(ASSIGNMENT)
Output the listing exactly, without its pictures.

(GIVEN DATA)
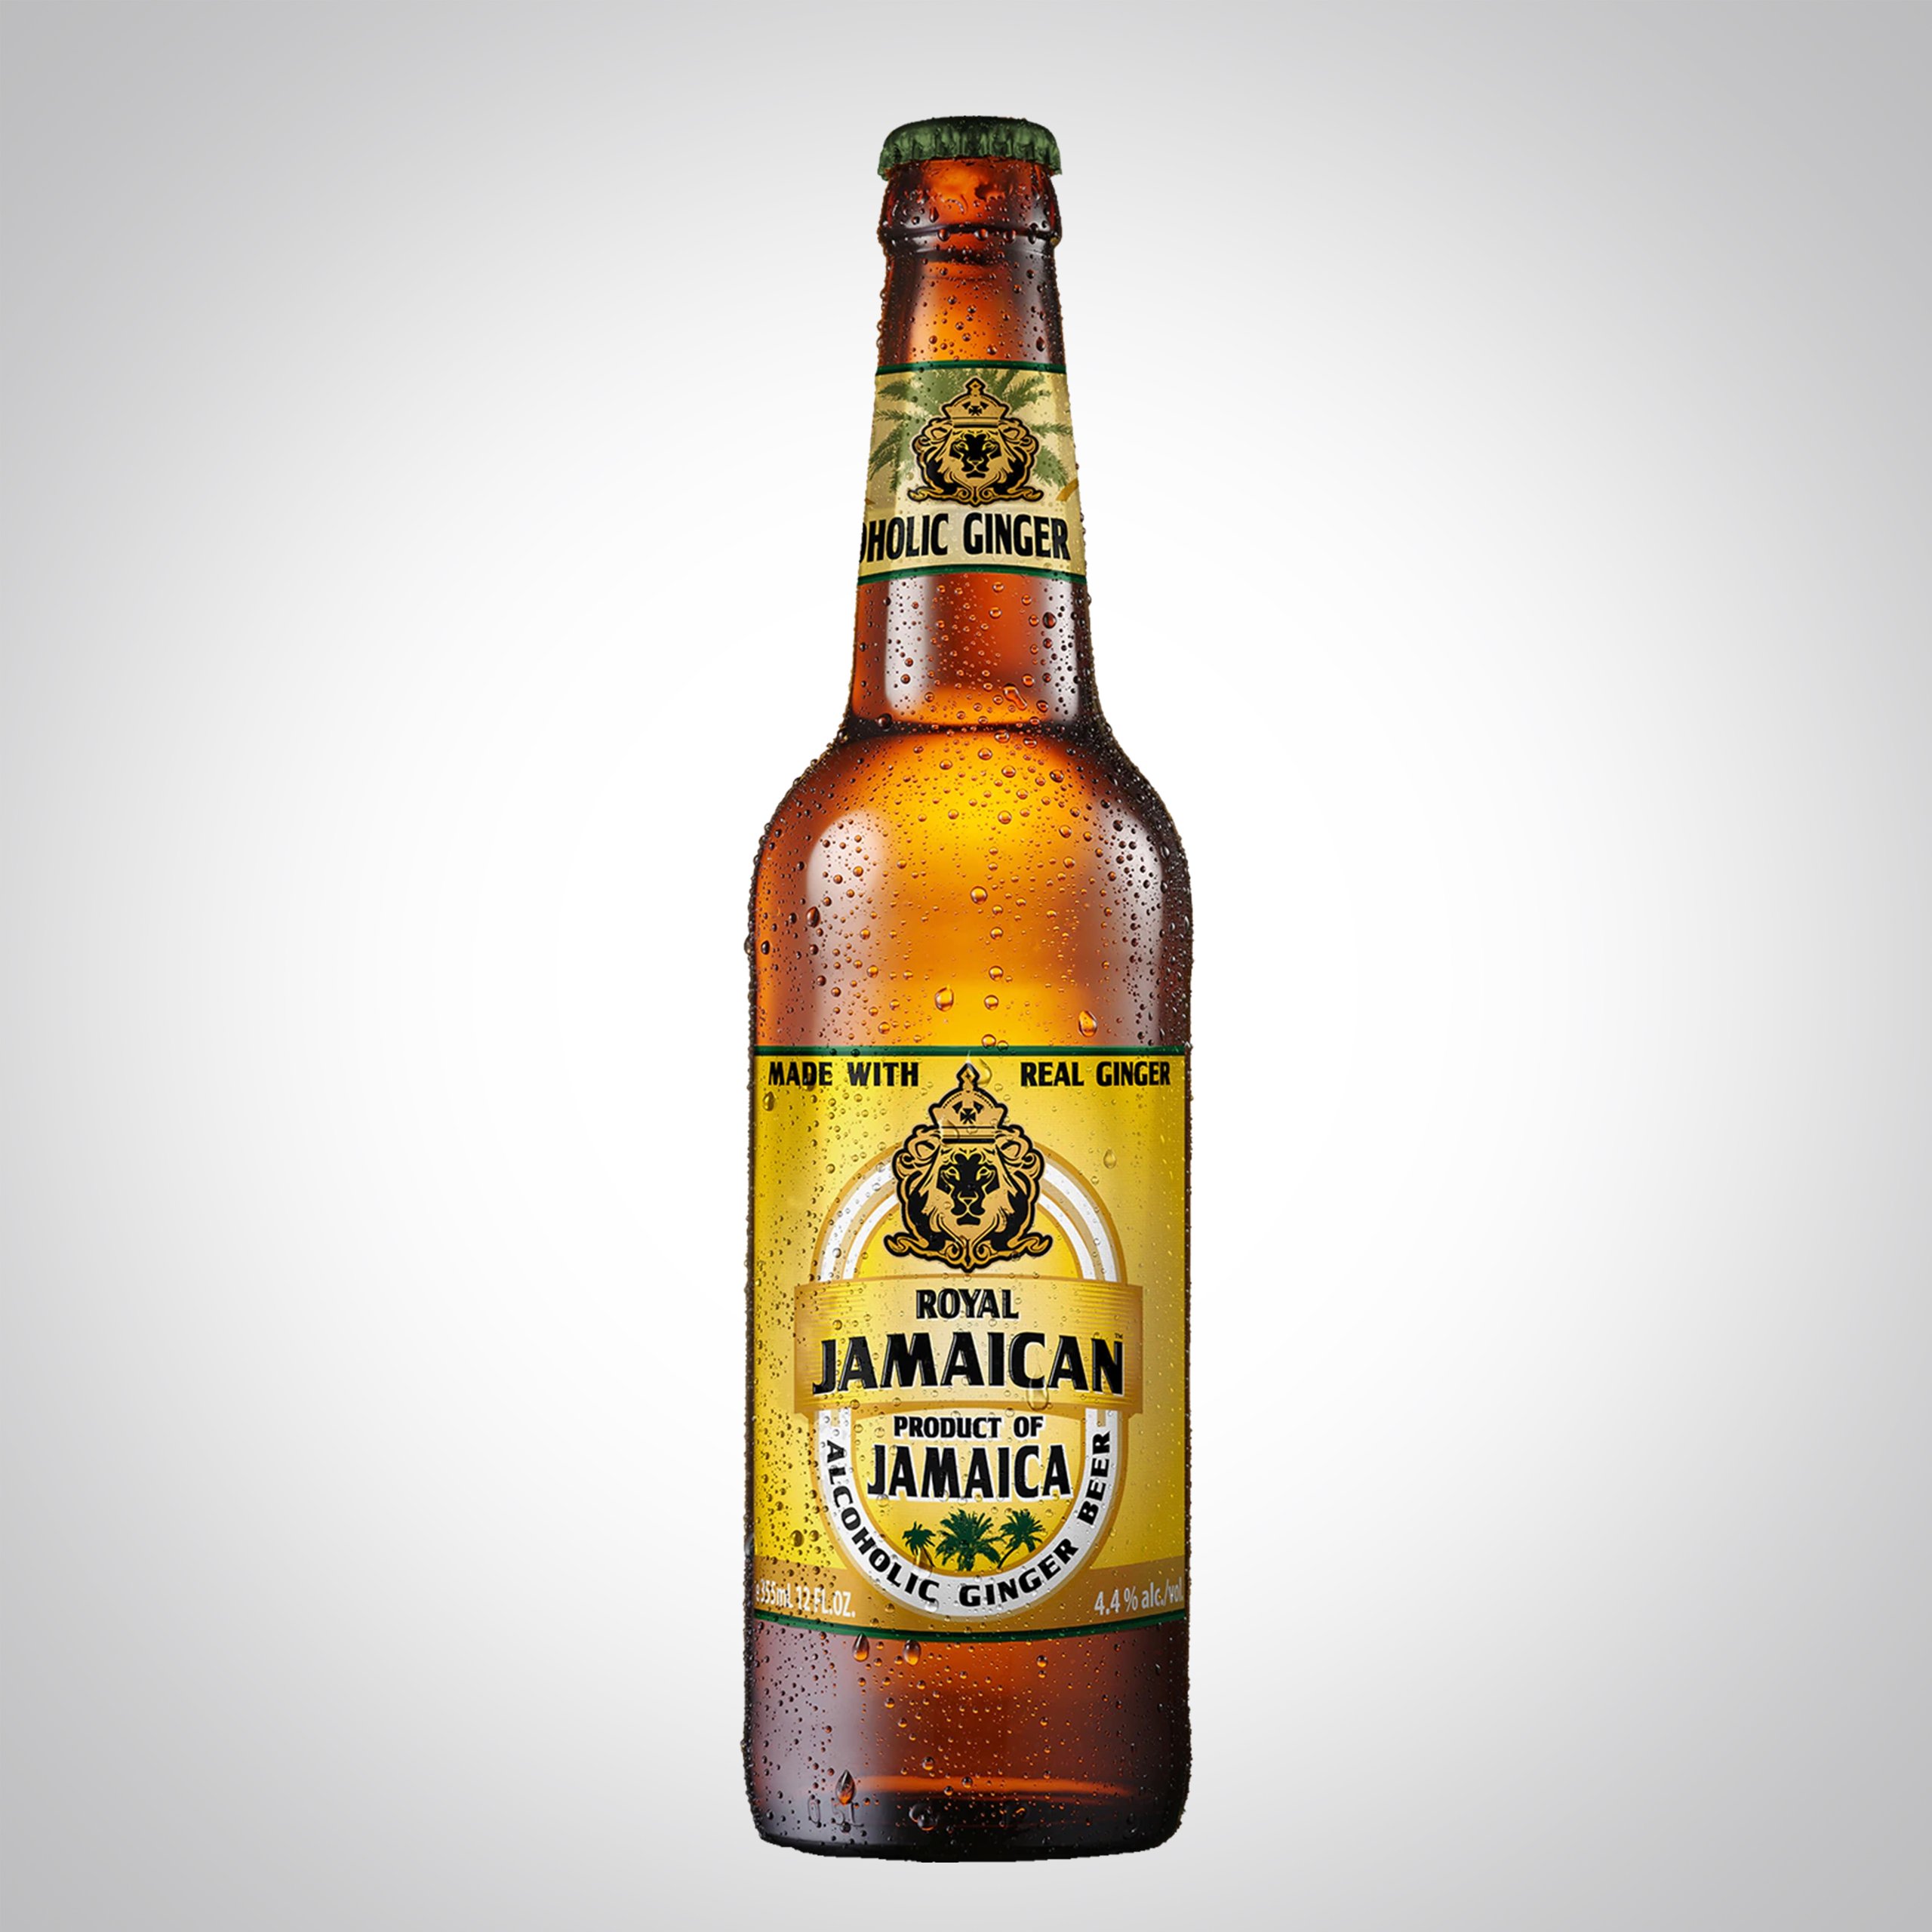 The Jamaican ginger beer
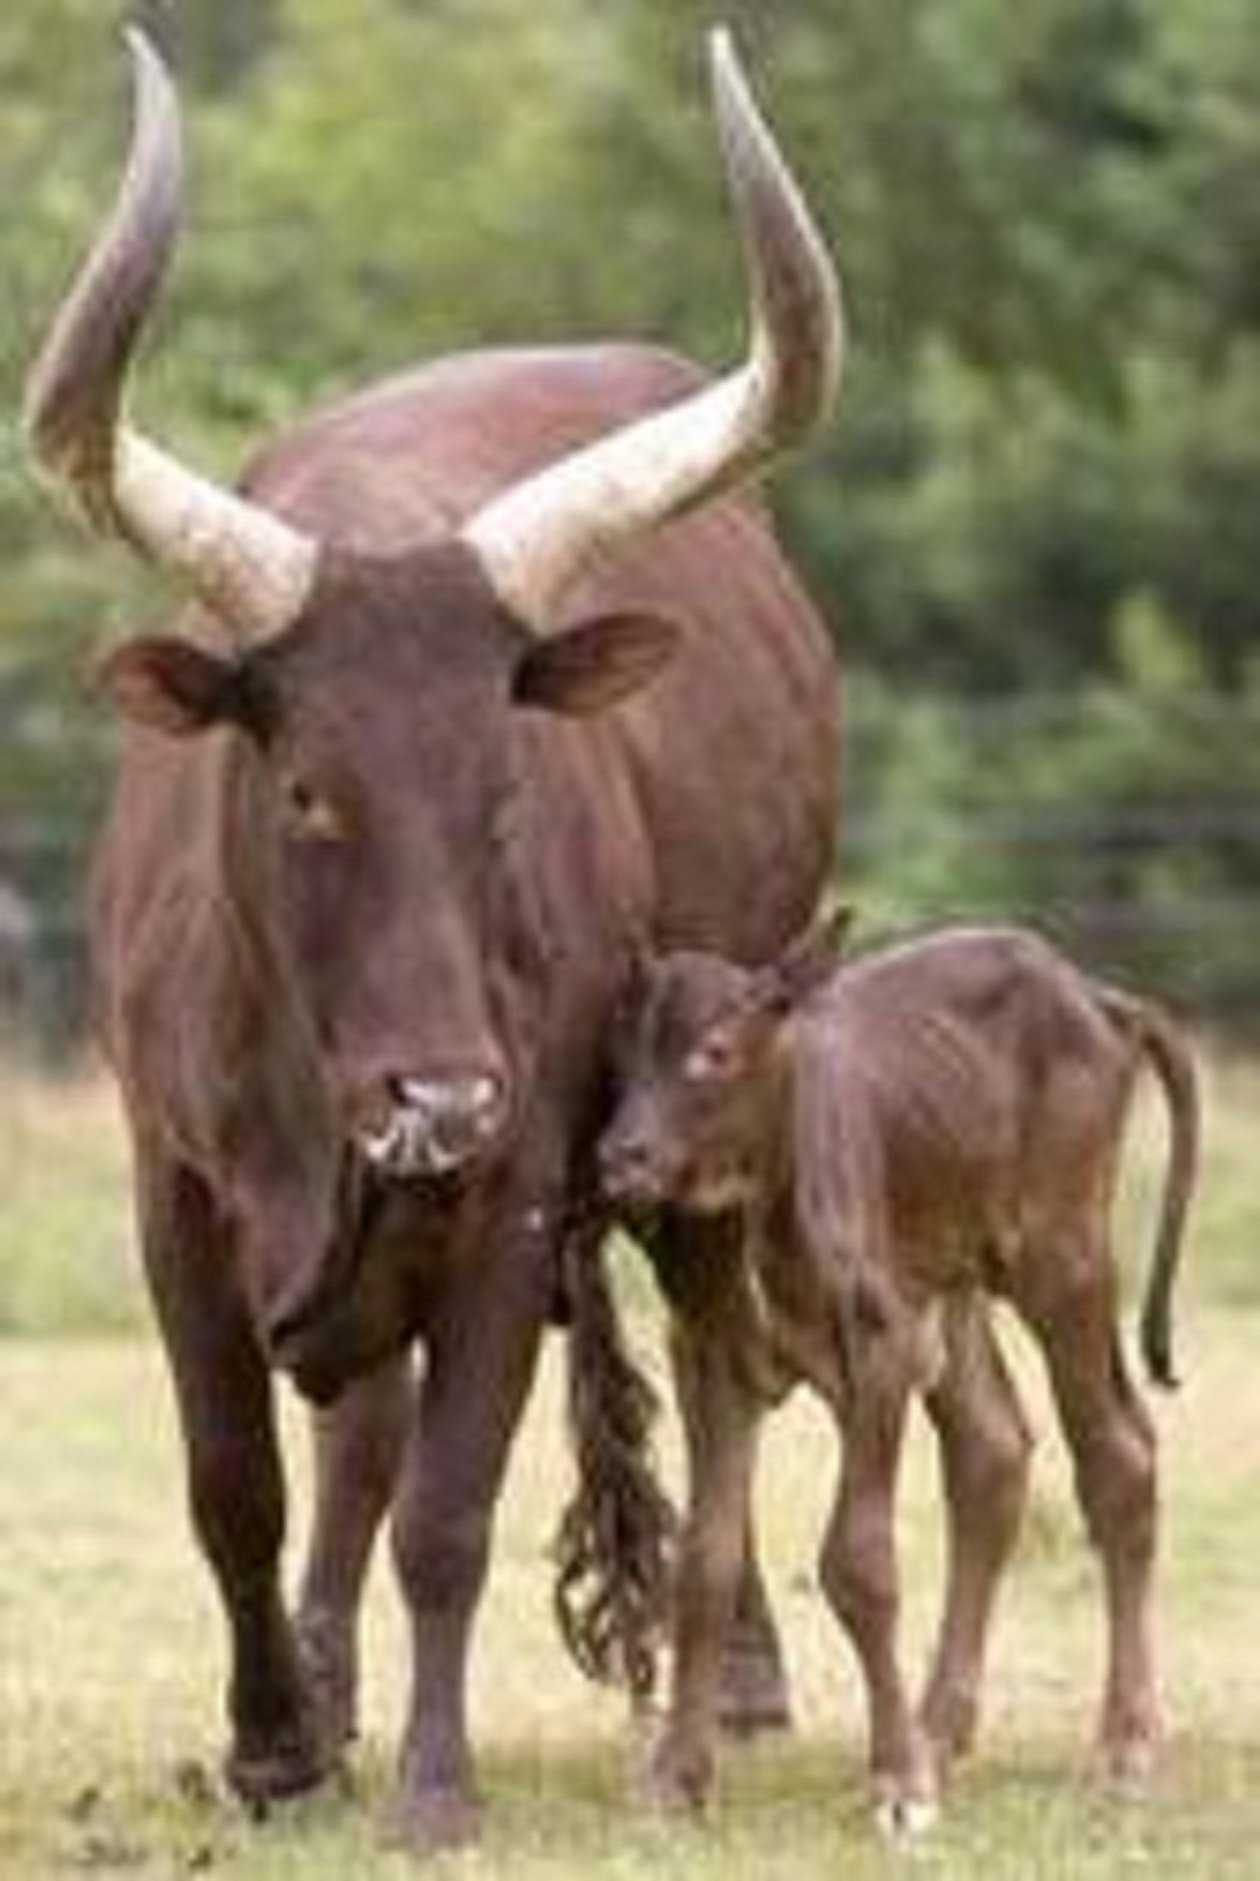 The Amazing Horns of the Ankole-Watusi Cattle
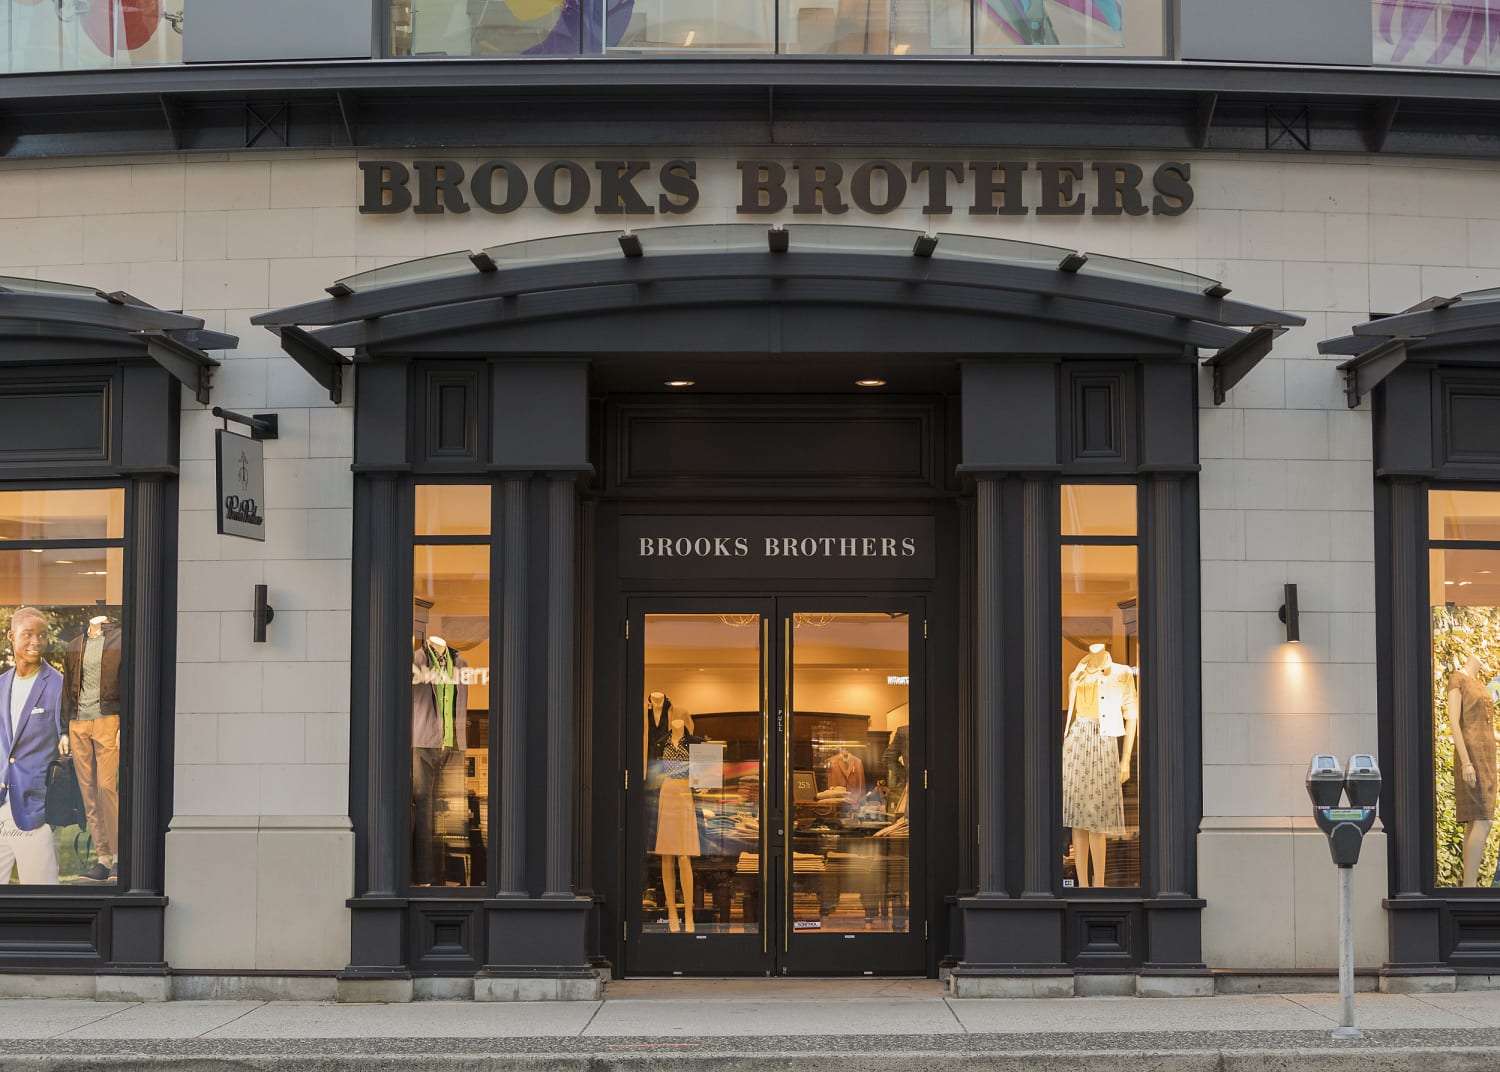 Brooks Brothers, which outfitted 40 of the last 45 presidents

(ANSWER TO THE PROBLEM)
 The Jamaican ginger beer
 The Amazing Horns of the Ankole-Watusi Cattle
 Brooks Brothers, which outfitted 40 of the last 45 presidents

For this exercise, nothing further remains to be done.